The deal was reached among the top four lawmakers overseeing housing legislation: Senate Banking Committee Chairman Tim Scott, ranking member Senator Elizabeth Warren, House Financial Services Committee Chairman French Hill, and ranking member Representative Maxine Waters.

"This bill is the result of years of work to lower costs, expand housing supply, cut red tape, protect taxpayers, and help more Americans achieve the dream of homeownership," Scott said in a statement. Hill said in a statement he looks forward to President Trump signing the bill into law.

Warren called the investor restriction a historic first. In a brief hallway interview at the Capitol, Warren told CNBC: "Never before has Congress put any restriction on the ability of private equity to move into whatever industry they want, buy up whatever they want and destroy whatever they want."

Every one of the eight dissenting votes was cast by a Republican senator, The Hill reported.

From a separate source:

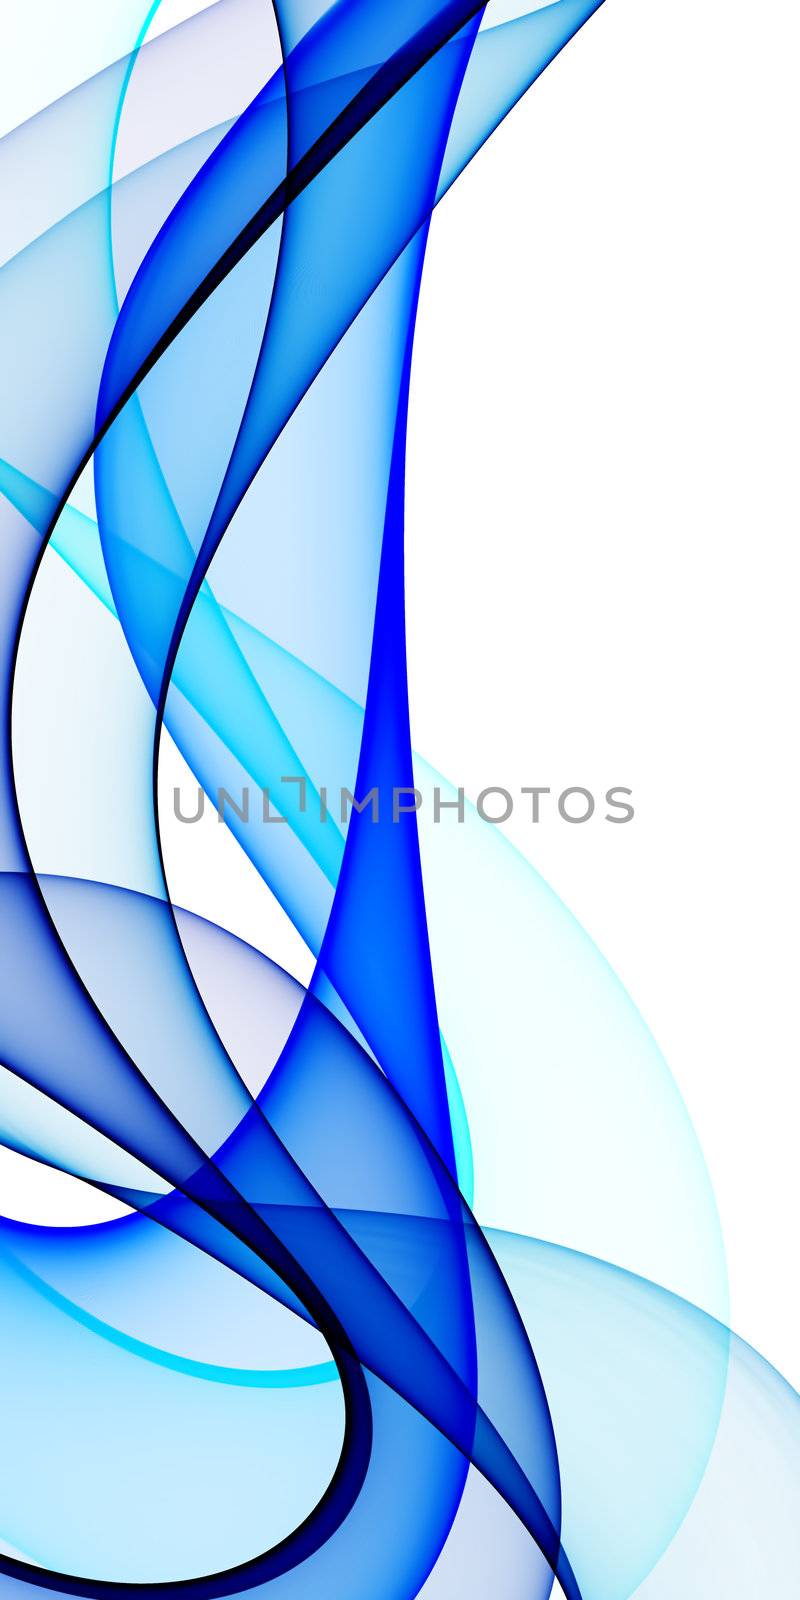 Smooth waves from blue tones on a white background by Serp

The bill's investor provisions build on a debate that data suggests is more geographically concentrated than the national political conversation implies. Institutional investors — those who have made more than 350 single-family purchases since 2015 — represent roughly 1% of all single-family transactions in the U.S., with buying activity clustered in Sun Belt and Midwestern markets like Memphis, Atlanta, and Charlotte rather than in higher-cost coastal cities.

House members backed earlier iterations of the legislation by wide margins — 390-9 in February and 396-13 in May — a track record that lawmakers say opens the door to fast-tracking the final text when the chamber reconvenes.